Иван Андреевич прошелся глазами по аудитории со стариковской сердитостью.

«Работать, работать!.. Сначала доучиться надо!» — подумал, вероятно, Иван Андреевич, мысленно обращаясь ко всем студентам, потому что все были такие же, как Зырянов, труженики с детства, пришедшие в высшее учебное заведение с крохами среднего образования и с неукротимой жаждой получить все знания человечества, в то же время с непреодолимой привычкой взрослых людей к ежедневной практической деятельности. И эта великолепная потребность мешала им учиться. Настолько мешала, что третья часть студентов ушла из института или удалена была из-за академической неуспеваемости. Это означало, что институт на треть работал впустую.
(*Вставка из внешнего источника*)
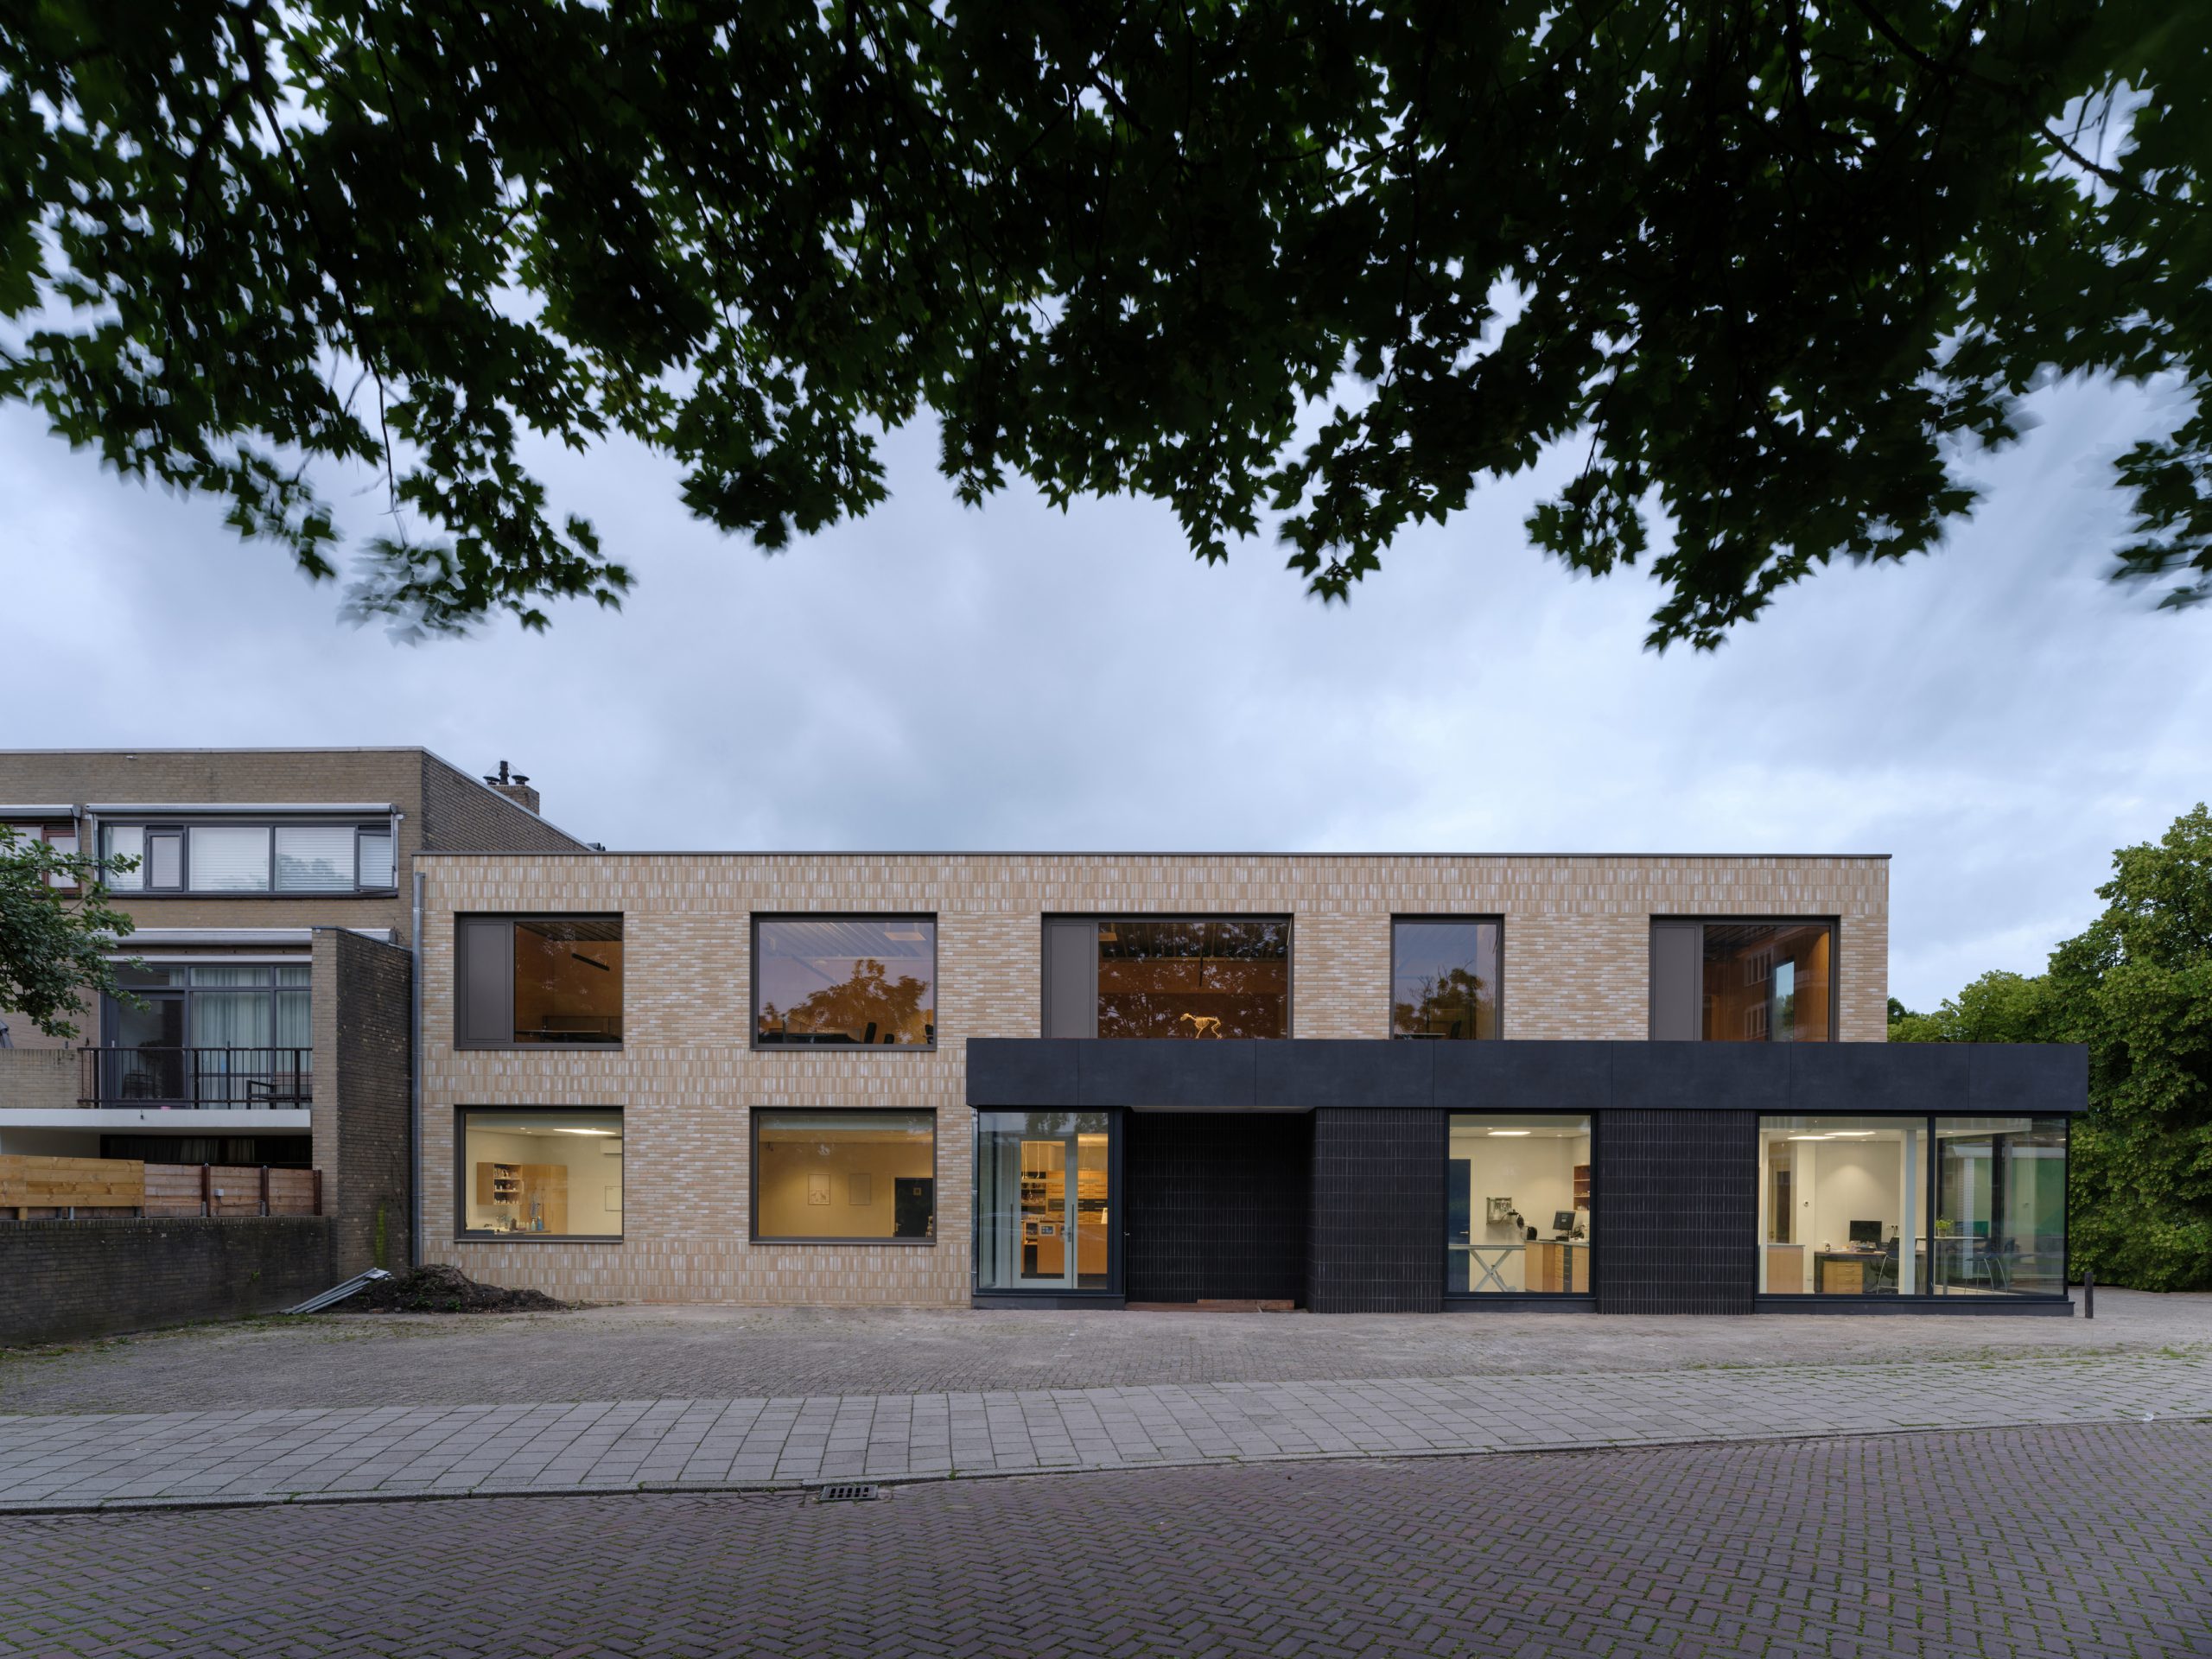 Corner building with glass corner aluminum window frames on ground floor extension. Light colored brick on CLT wood wall and new main entrance to veterinary clinic. Veterinary clinic design for Anicure ‘t Leidse Land in Leiderdorp, designed and built by MOST Architecture, Rotterdam

Было специальное решение правительства об учебе и производственной работе в вузах. Партийная и комсомольская организации боролись как могли за дисциплину учебы, но в то же время и за участие каждого студента во всей жизни государства… Это было трудно.

Многих студентов пришлось удалить из института из-за академической неуспеваемости. Многих разгружали вплоть до освобождения от выборных должностей, чтобы не пришлось исключить из института.

Студенты принимали обязательство удержаться в институте, но не оставляли шефства над нефтяными районами, над колхозами и продолжали посылать бригады помощи на механические заводы, снабжавшие оборудованием трамвайный парк и автобусный парк… Бюро комсомола выпустило специальные тетради для каждого студента, где записывалось количество часов, использованных на общественной работе…

К концу второго курса Зырянова избрали в члены партбюро и секретарем общеинститутского бюро комсомола.

Секретарем факультетского бюро, на место Зырянова, избрали Сашу Кучумова — товарища и полную противоположность Васе. Можно представить себе, как они работали: взбудораженный, с неистощимой нервной энергией, Вася неудержимо устремлялся к самым дальним целям, развивая огромное давление на окружающих, ставил труднейшие задачи в самый тяжелый момент и страстно требовал самых напряженных усилий в учебе и в общественной работе… А слабый здоровьем, чернявый и худенький Саша, склонный к туберкулезу, неуступчиво продумывал Васины преувеличения и «волевые задачи» и холодно, немногословно произносил:

— Мы все говорим о больших целях и о наших скрытых силах, но это не делает дела. Не идеи Васи приведут нас к этим целям, а партия, комсомольская организация, приложение сил к делу. Где эти силы? В нас. Так вот, надо их извлечь.

Саша старался ладить с ребятами и терпеливо налаживал их на комсомольские дела. Он советовался с партийным бюро и мобилизовал факультетский комсомол и с ним студенческий народ, — а там у него и Вася был учтен и полностью использован, как лучший ударник учебы, первый отличник института и самый активный общественник.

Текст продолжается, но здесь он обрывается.